I haven’t posted my own sex toy review in close to a year!  I spend all my time communicating with people about sex toys that I am usually burnt out when it comes to writing reviews.  Of course, I test out nearly all the sex toys (vibrators, dildos, vibrating love rings, lubes, etc.) that are brand new, but wrting a review has been close to impossible with my other duties.  Rather than spend a lot of time talking about one sex toy, I am going to write a quick post about my favorite adult toys.  I don’t reveal my favorites often enough because I am interested in reading and hearing about what other people like.

Currently my favorite sex toy:

Gigi

It goes without saying that Lelo has created the next generation of quality sex toys, but the Gigi is my sexy solution after a stressful day or night. A lot of women focus on its remarkable ability to gently yet firmly stimulate the G-spot, which is absolutely true; but the Gigi can also be used for clit and labia stimulation. I love the massage sensations created by its pulsating, vibrating head that has a flat-to-round surface, perfect for moving in circles on my clit and labia.

It only takes a minute or so for me to have a clitoral orgasm with the Gigi leading the way. For whatever reason, I have this masturbation routine where I try to have a clit orgasm before messing with any penetration. I don’t know if my vagina is tighter than most, but I have to be really aroused (usually after having a clit orgasm) before I can enjoy deep penetration. The Gigi does have kind of an awkward shape that creates a strange sensation when first inserted, but once those vibrations kick in and tickle my fleshly insides, I orgasm so hard I feel like a balloon ready to pop.

This is a good sex toy for couples, too. My fella knows how to get me going with the Gigi. I am one of those ladies who needs a lot of foreplay before sex, and I’ve found that my orgasms are much stronger during sex when my guy teases me with the Gigi before we get down to business. The Miracle Massager is another good one for couples foreplay. But nothing could replace my lovely Gigi vibrator.

I plan on pointing out what toys I dislike in future posts. Maybe I can help someone avoid buying a dud sex toy. And, from time to time, I will post other favorite sex toy posts.

I’m Back, I’m Bad, and I’m Tan

How many of you missed me?  That many of you?!!  Well, I am back from my vacation to Puerto Rico.  Tanning than ever, more relaxed than I have been in years, and fully charged and ready to get down and dirty with whatever comes my way until the next vacation.
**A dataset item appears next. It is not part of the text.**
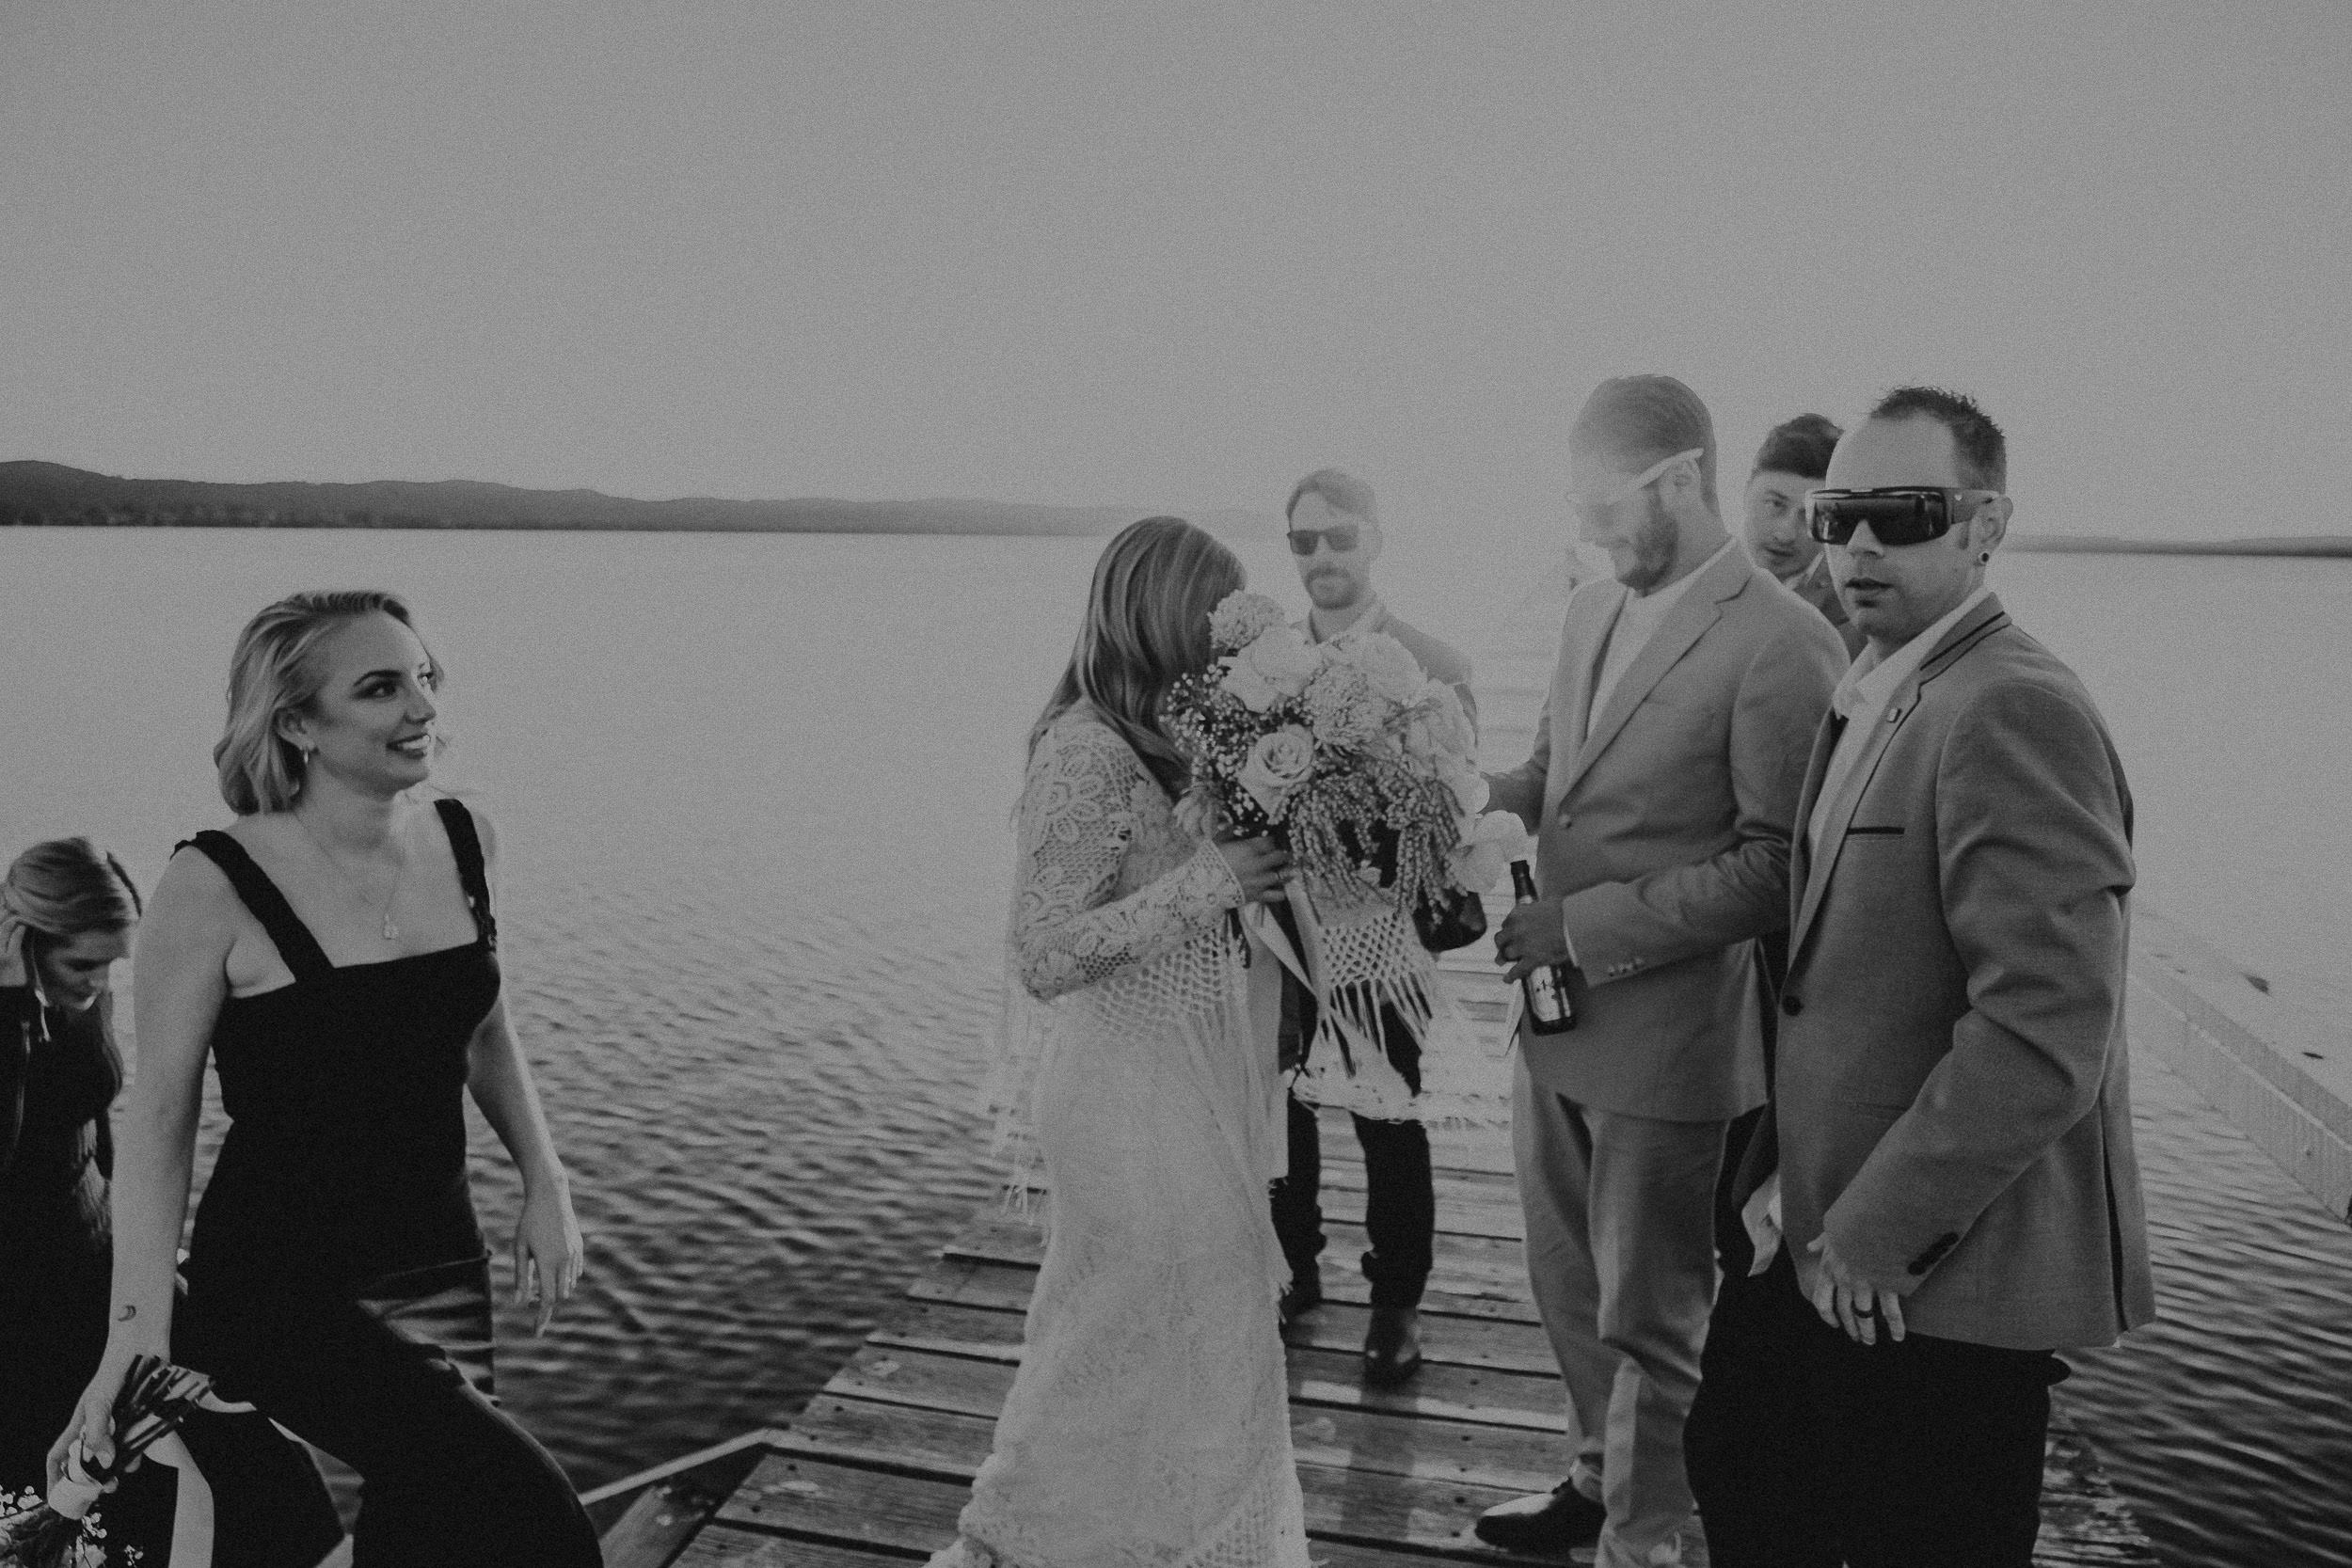 S&A Elopement - Kings & Thieves - Shred 'Til Dead - Central Coast Beach Forest Wedding - 374.jpg

Here are a couple of personal admissions and observations that smacked my brain during the trip:

Most of my fears have no basis in reality – that is to say, I have no justification for fearing certain things.  Yet I am still plagued by the strangest fears in normal situations that produce an overwhelming anxiety in my mind and then my body.

The combination of airplanes and flying freaks me out.  I hate flying.  Planes freak me out.  And I have no reasonable explanation as to why I have this dominating fear.  Every jerk, drop, or bounce – I start looking around at people’s facial expressions for comfort, the kind of body language exploration that will grant me a moment or two of serenity.  I’ll look for a nod of approval so that I can finally relax.  The whole “I know how you feel; I’ve been there” response without words.

I eventually worked myself up on this short flight (like five or six hours) to the point that sleeping became my sole remedy.  I can’t figure out why I am afraid of flying, which is what bothers me the most.  I flew back and forth from my father’s city every Thanksgiving, Christmas, birthday, or any cause for celebration since I was a kid because my parents were divorced.  I never freaked out when I was younger, so this is a relatively new sense of emotional discomfort.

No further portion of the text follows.